--- Recorded information ---

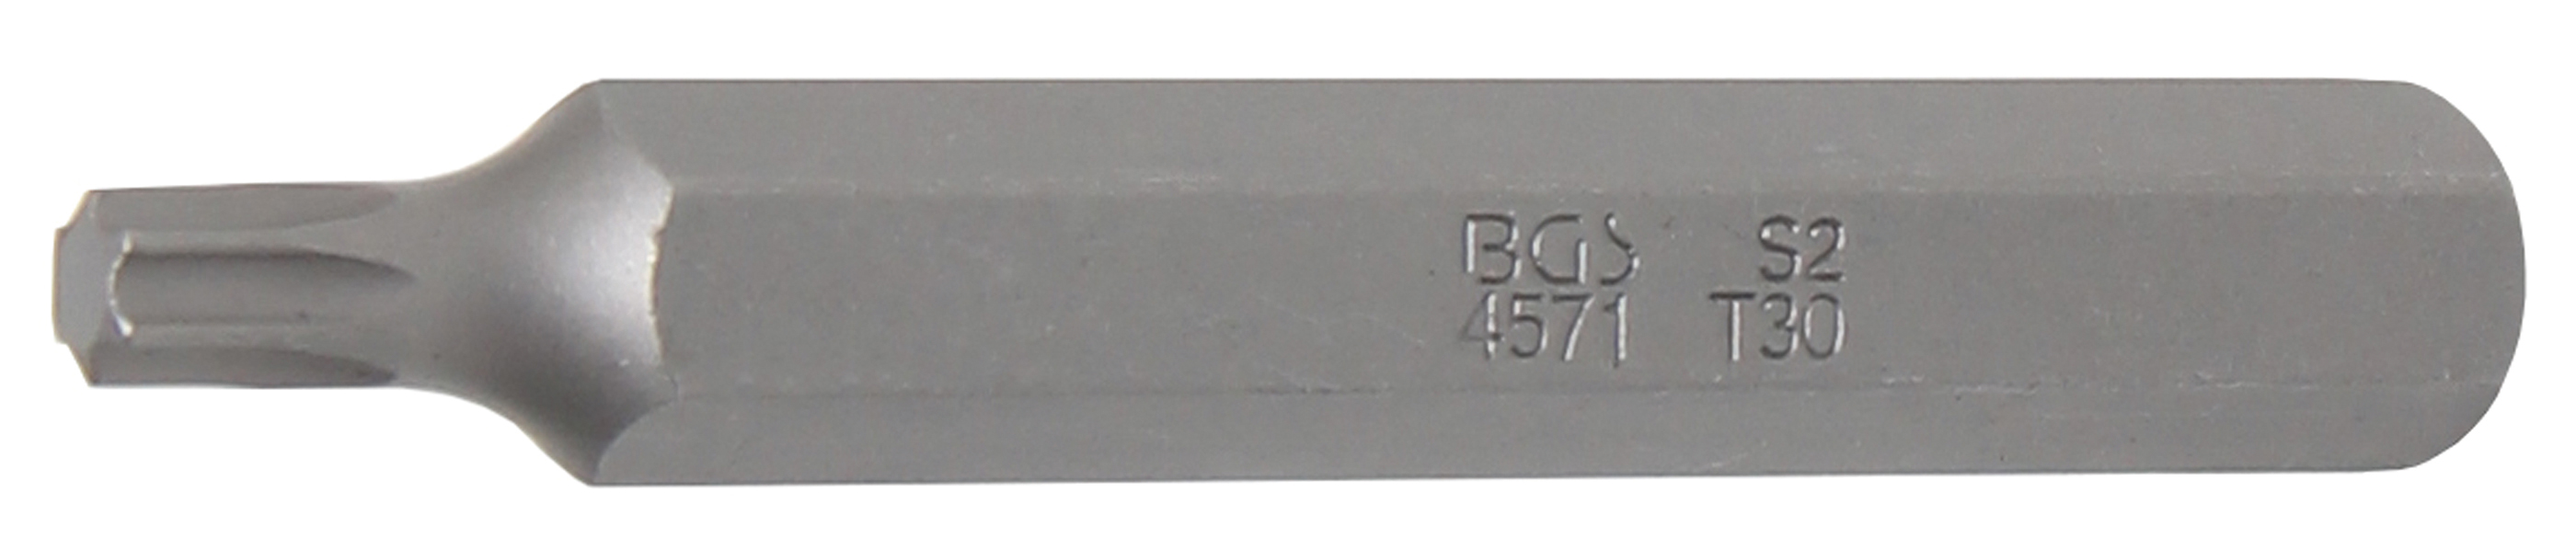 BGS 4571 Bit Torx T30, lungime 75 mm, antrenare 10mm (3/8")
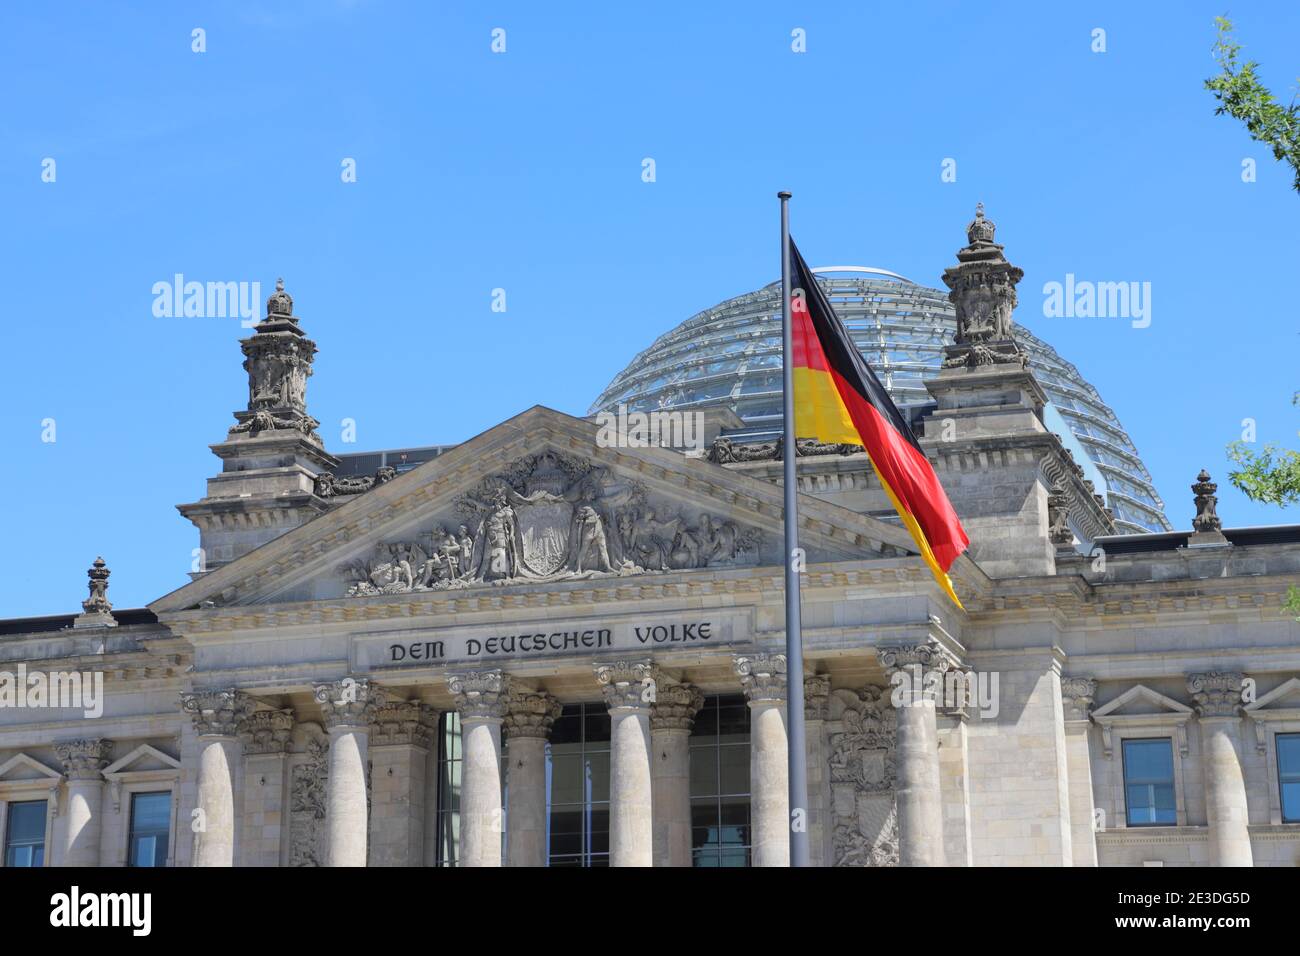 GERMANIA, BERLINO, PLATZ DER REPUBLIK - 08 GIUGNO 2018: Cupola di Glas, iscrizione 'DEM DEUTSCHEN VOLKE' e bandiera tedesca nell'edificio Reichstag di Berlino Foto Stock
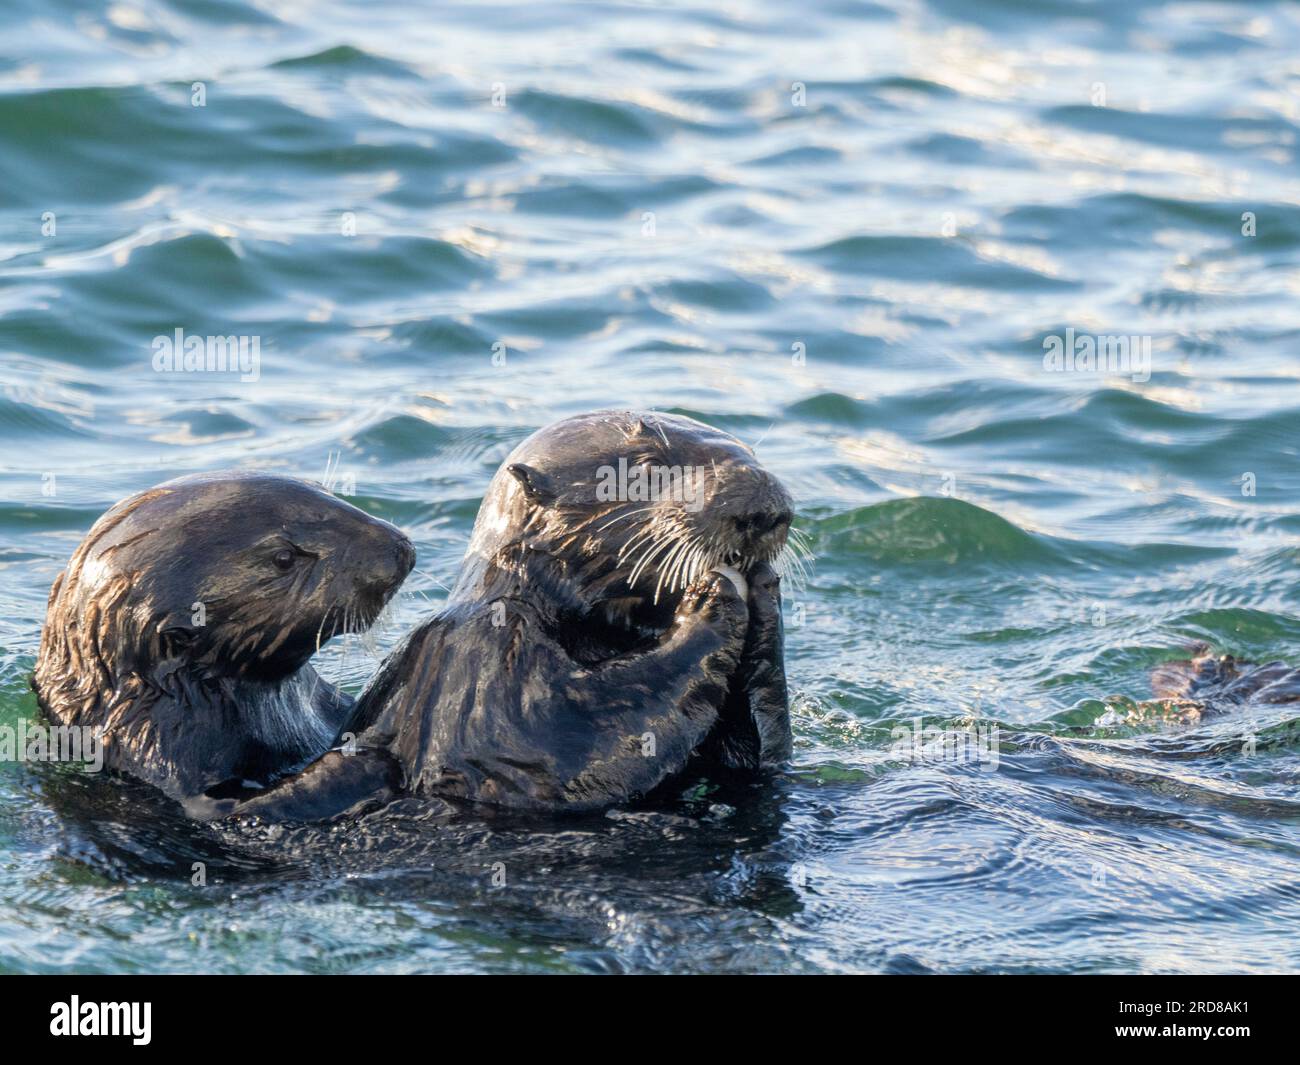 Mère et loutre de mer (Enhydra lutris), ensemble dans le Monterey Bay National Marine Sanctuary, Californie, États-Unis d'Amérique, Amérique du Nord Banque D'Images
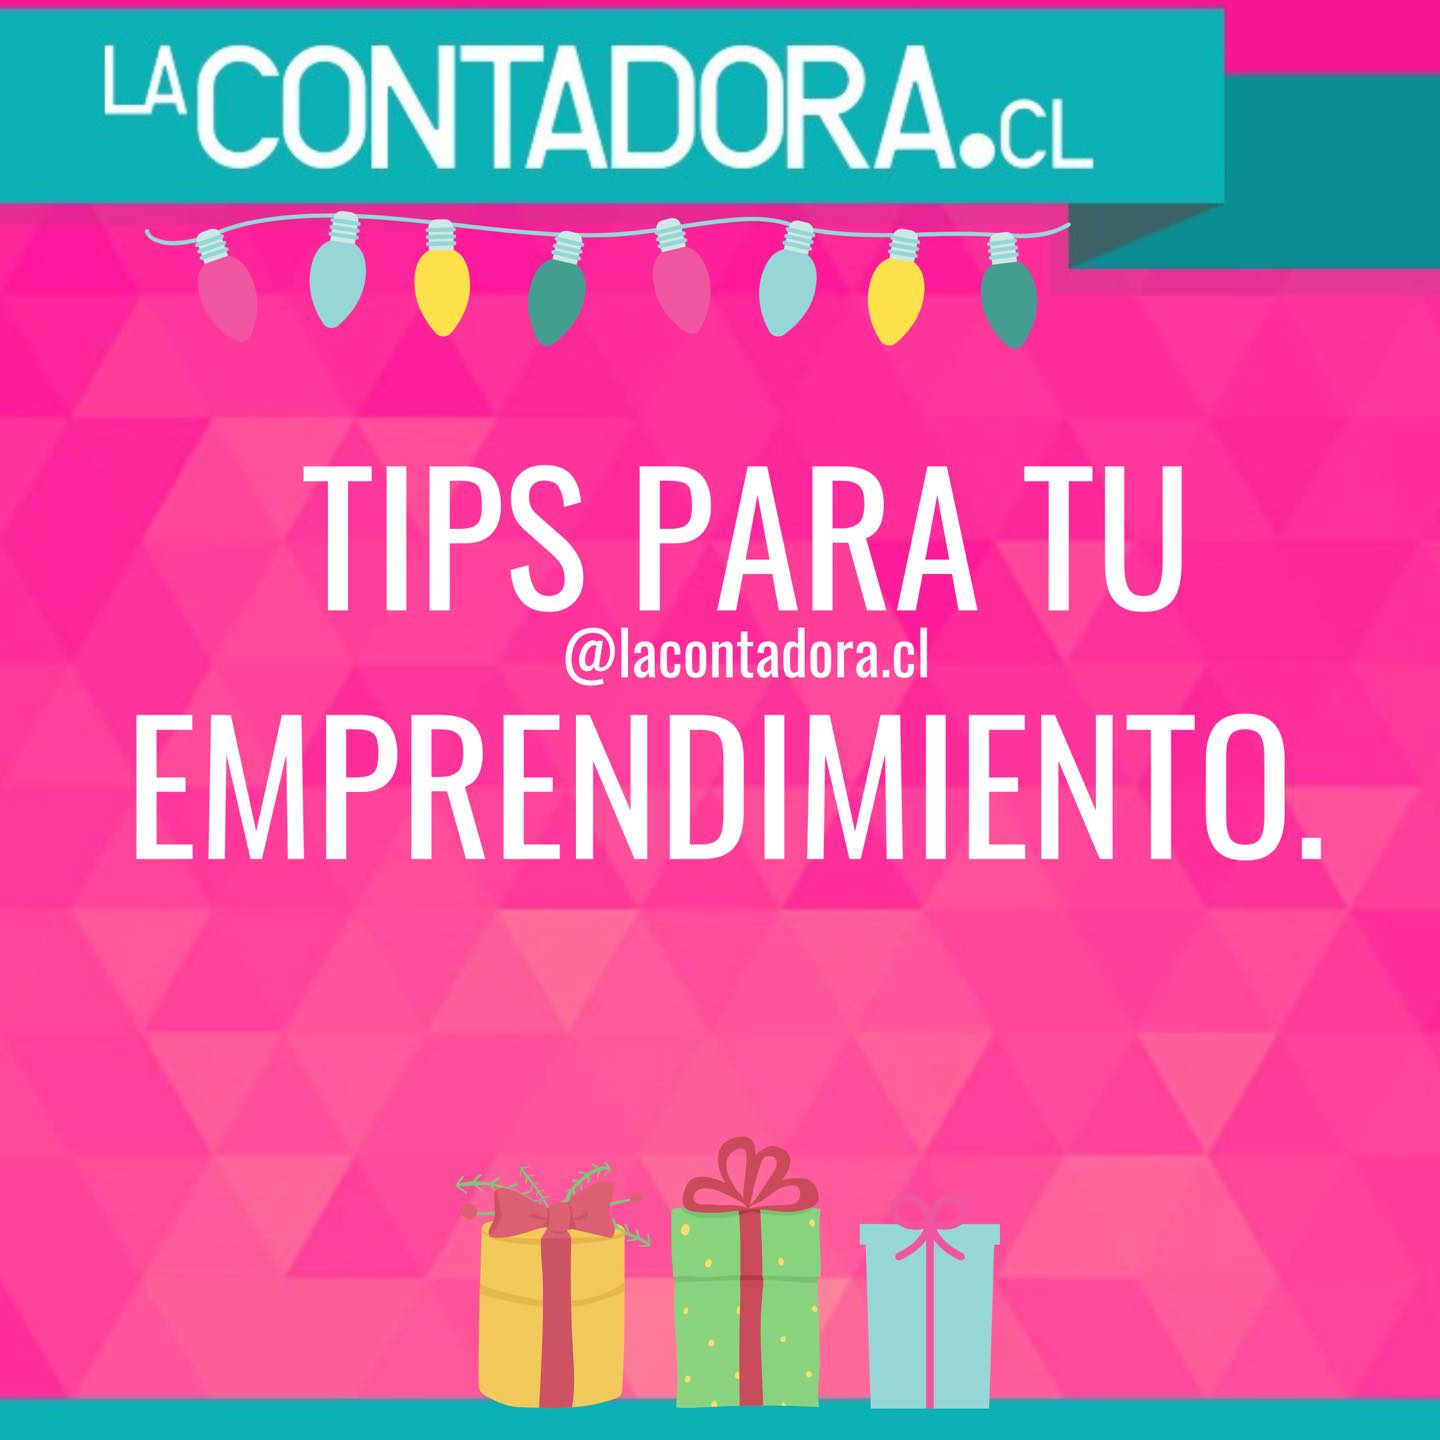 Tips para emprender. By LaContadora.cl

---

◆ Instructions to follow
Return only the lines running from the top of the data to the line that holds "GERMANIA, BERLINO, PLATZ". Include both of those lines, but skip the pictures.

◆ Exercise output
 BGS 4571 Bit Torx T30, lungime 75 mm, antrenare 10mm (3/8")
 GERMANIA, BERLINO, PLATZ DER REPUBLIK - 08 GIUGNO 2018: Cupola di Glas, iscrizione 'DEM DEUTSCHEN VOLKE' e bandiera tedesca nell'edificio Reichstag di Berlino Foto Stock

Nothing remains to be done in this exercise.